-- Dataset section --
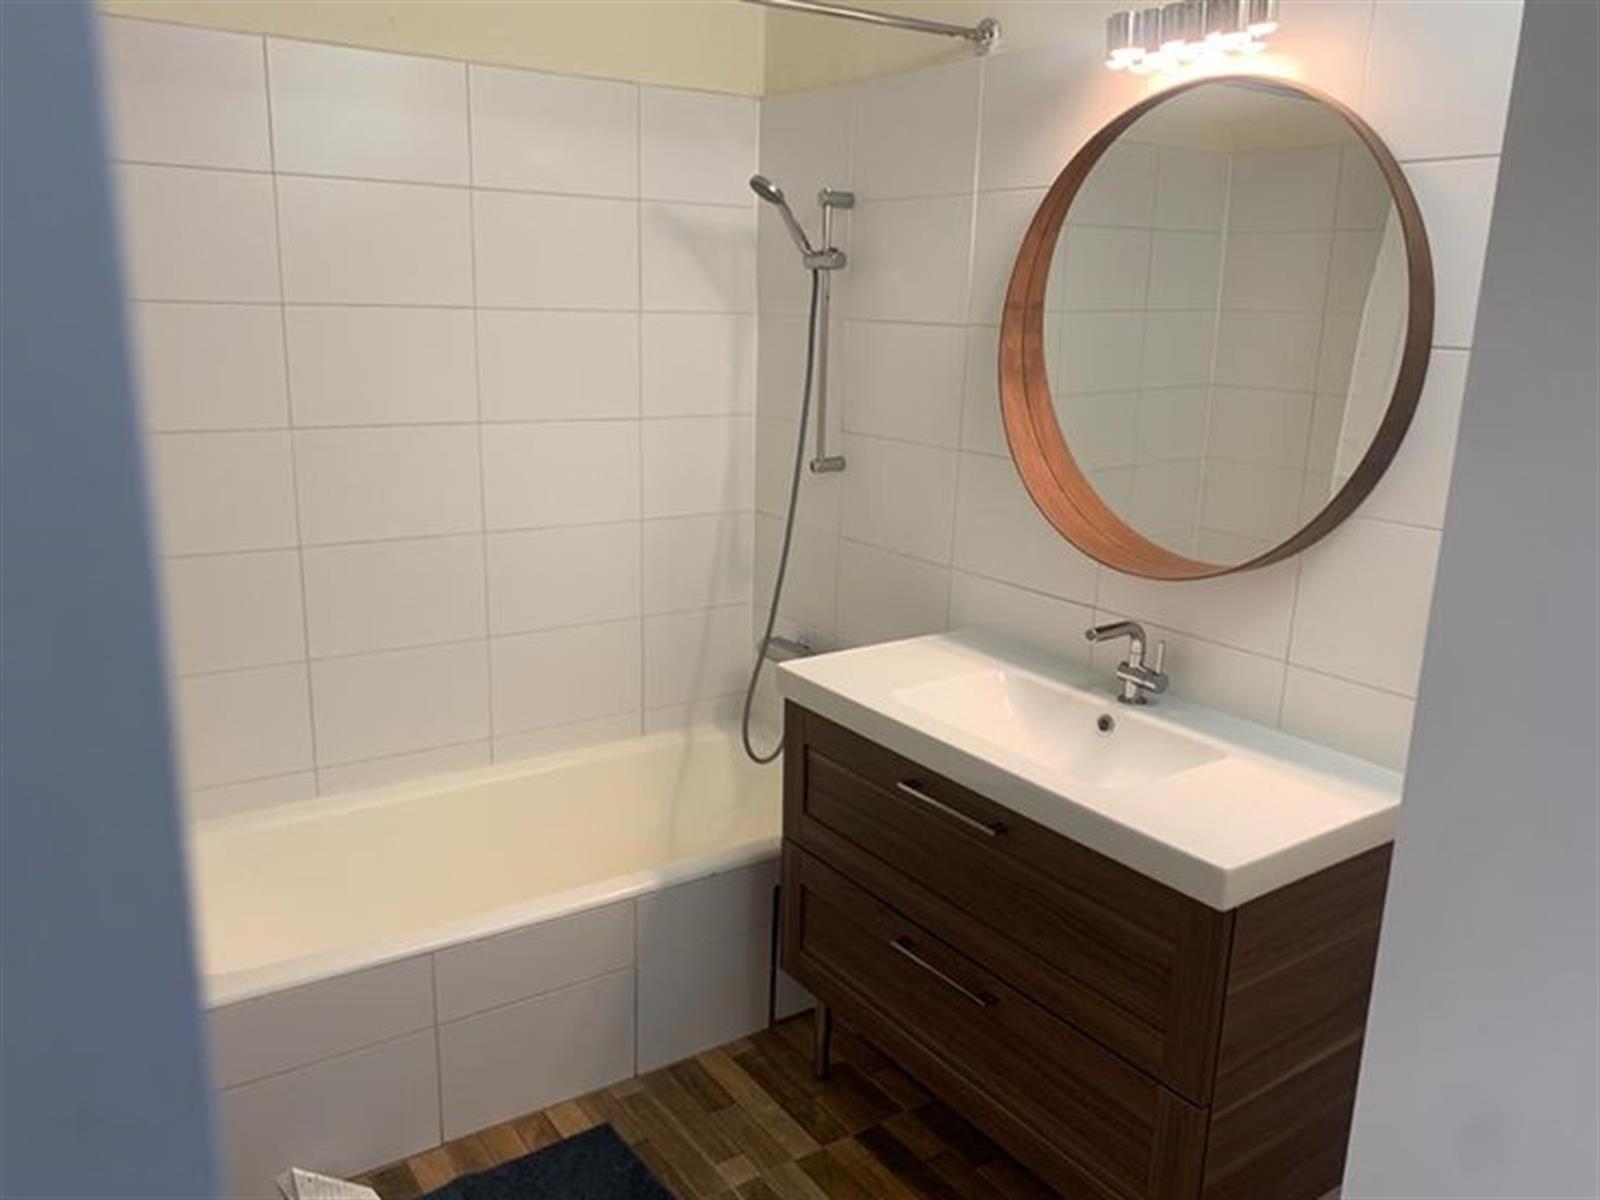 Appartement - Woluwe-Saint-Lambert - #4399349-15
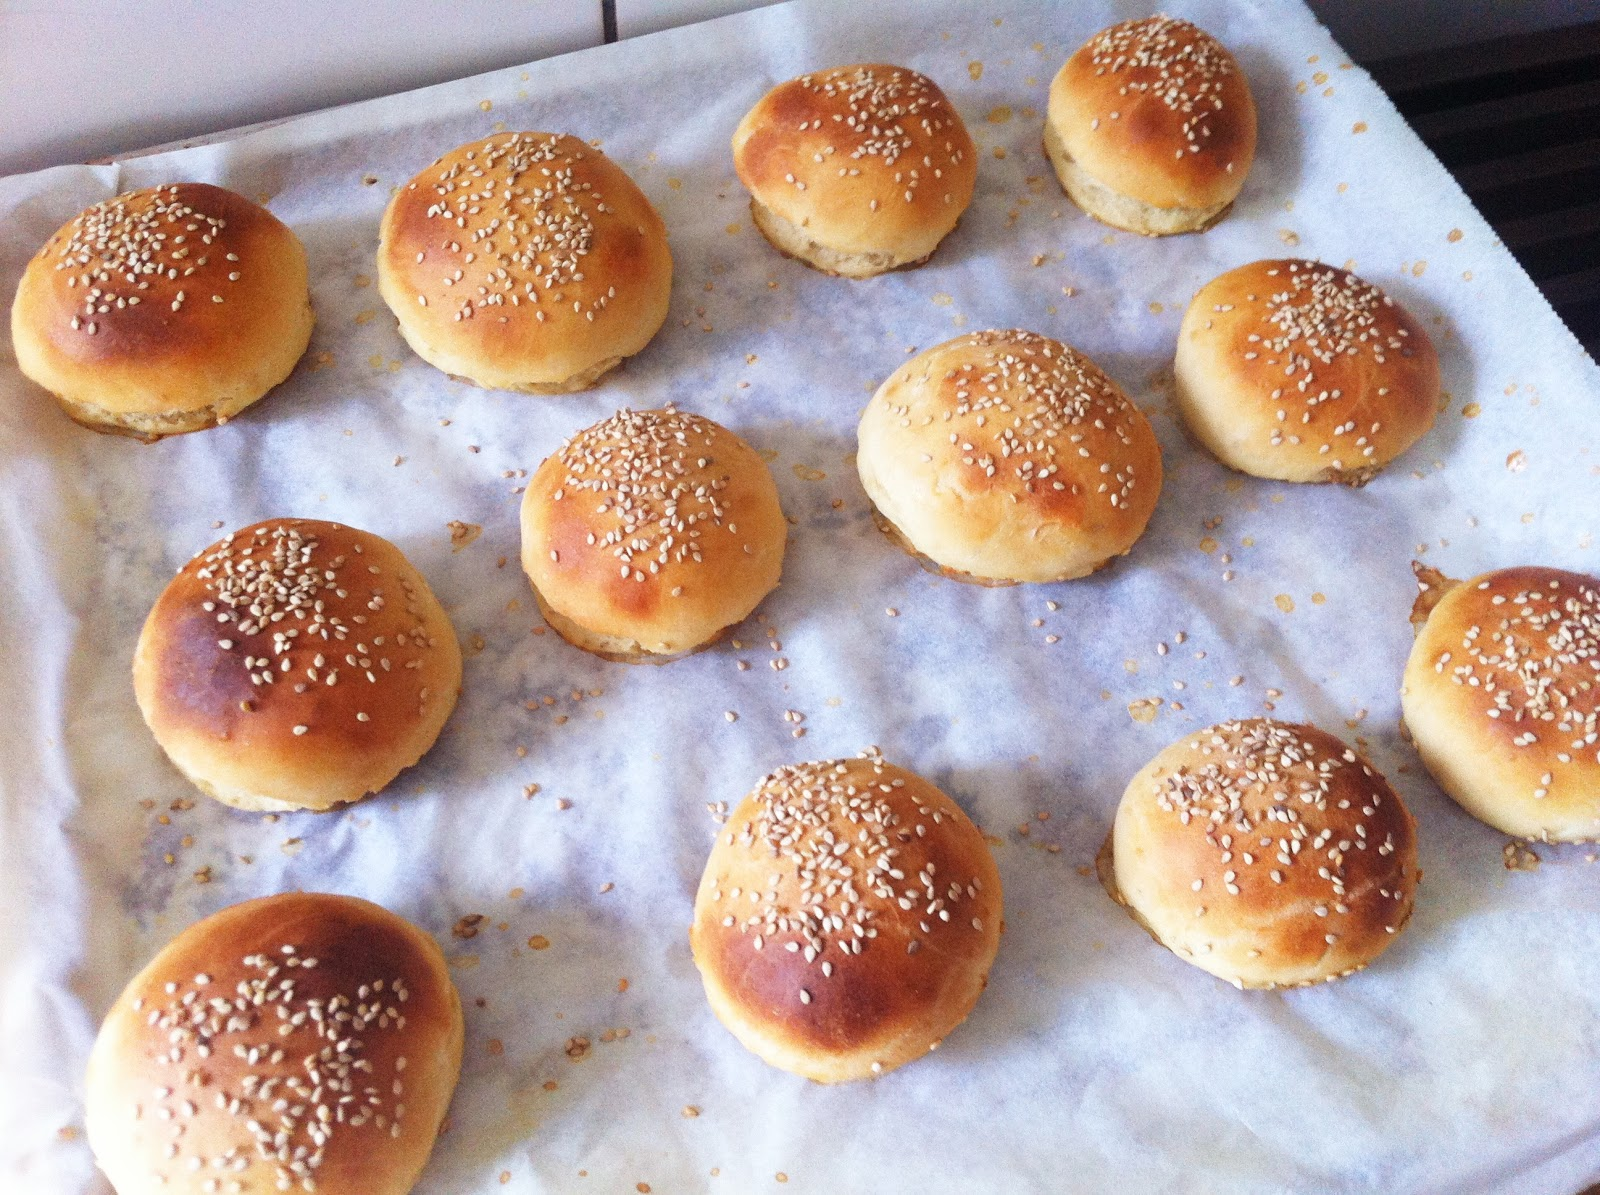 Witte Bloem Keuken : Voor 12 kleine of 6 normale hamburgerbroodjes
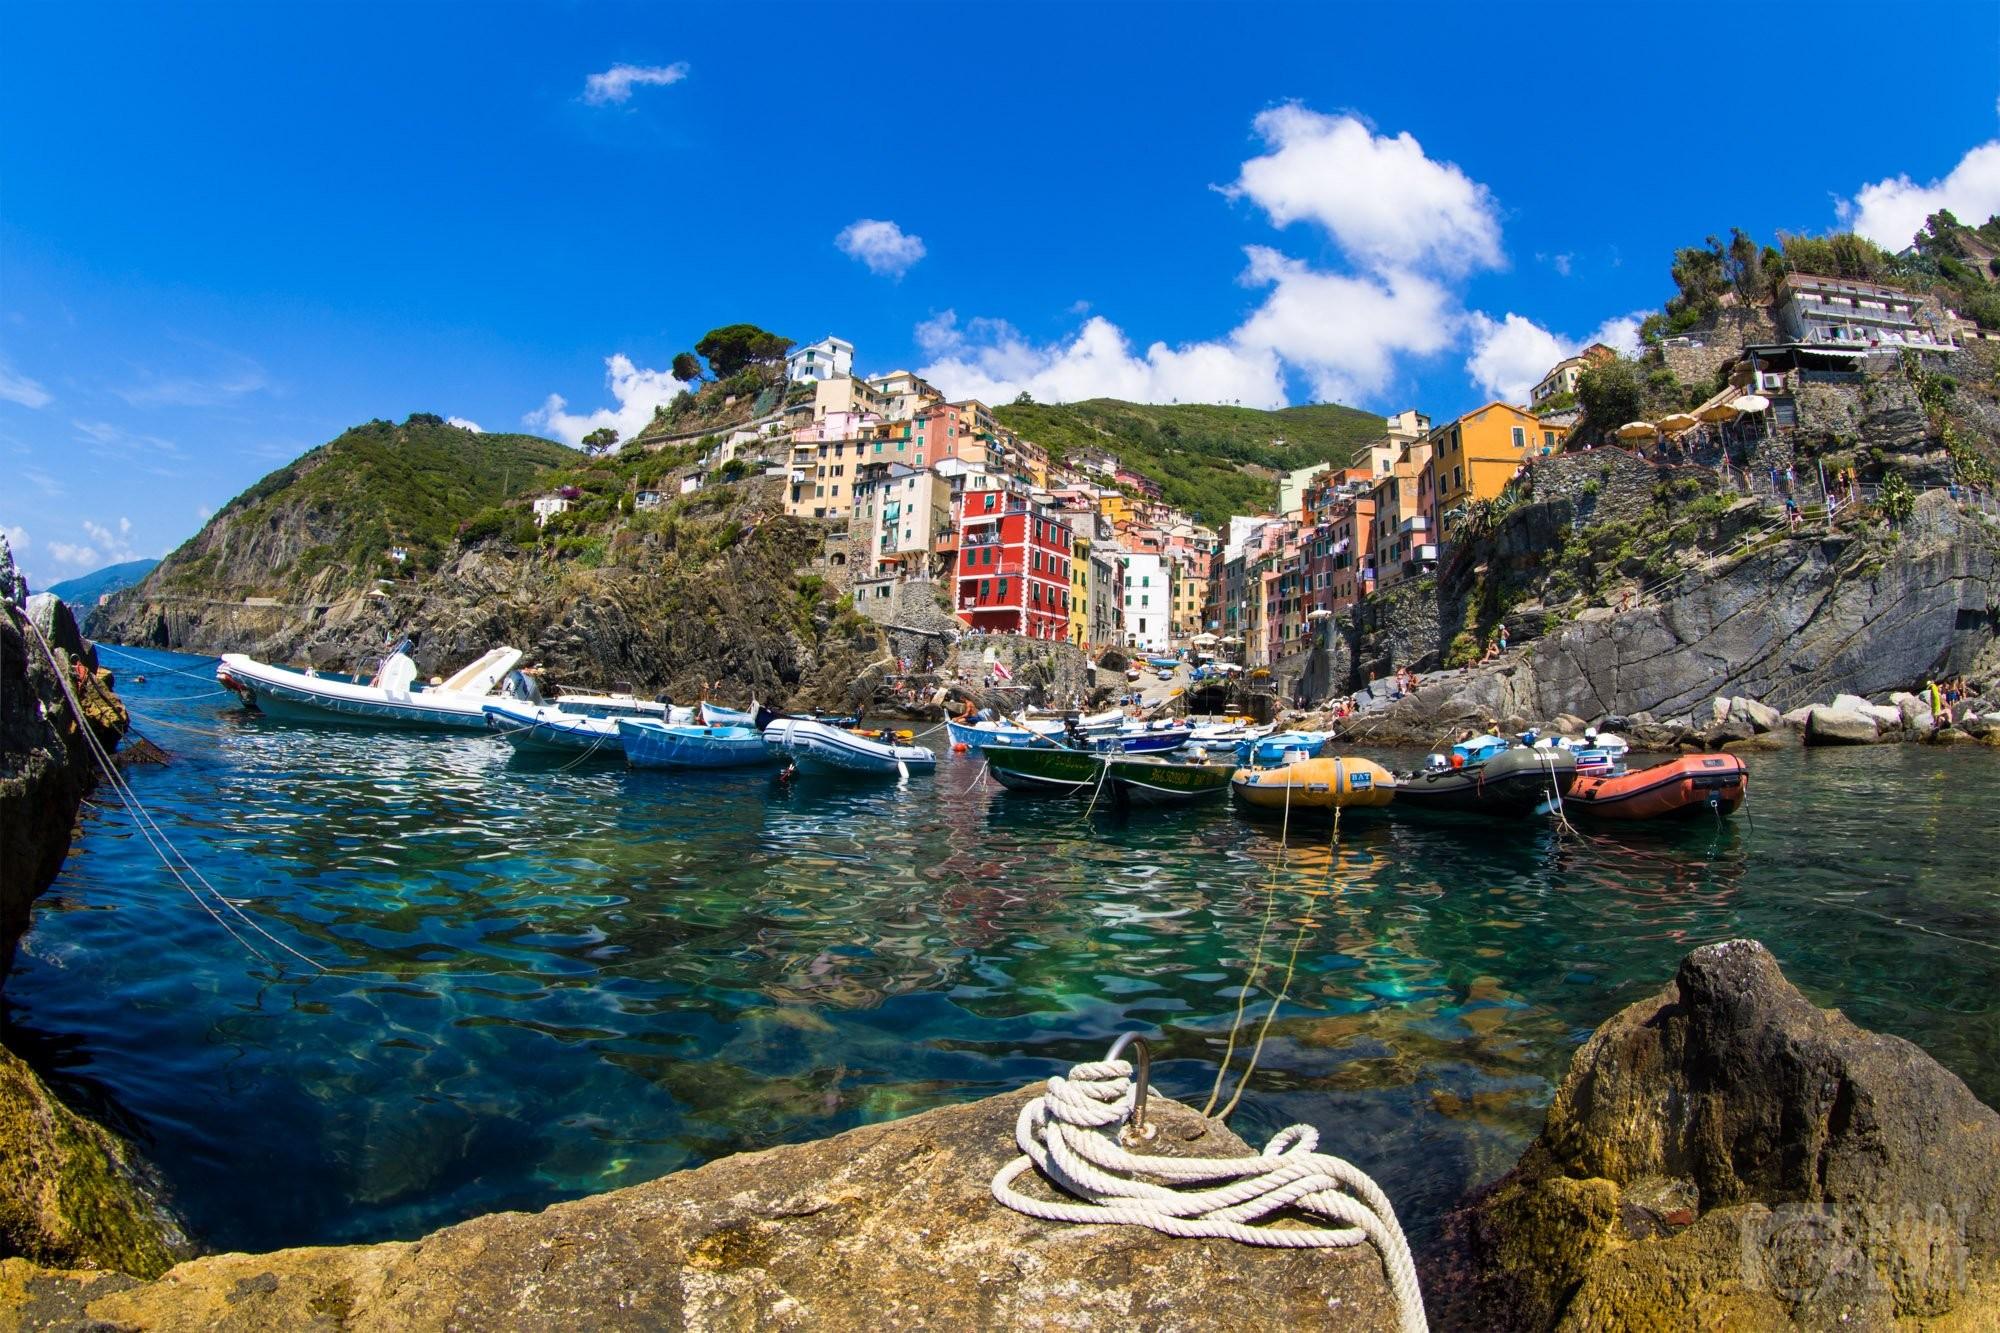 Riomaggiore village harbor in Cinque Terre Italy

-- Problem statement --
Return the complete material above exactly, with no picture.

-- Exercise response --
 Appartement - Woluwe-Saint-Lambert - #4399349-15
 Witte Bloem Keuken : Voor 12 kleine of 6 normale hamburgerbroodjes
 Riomaggiore village harbor in Cinque Terre Italy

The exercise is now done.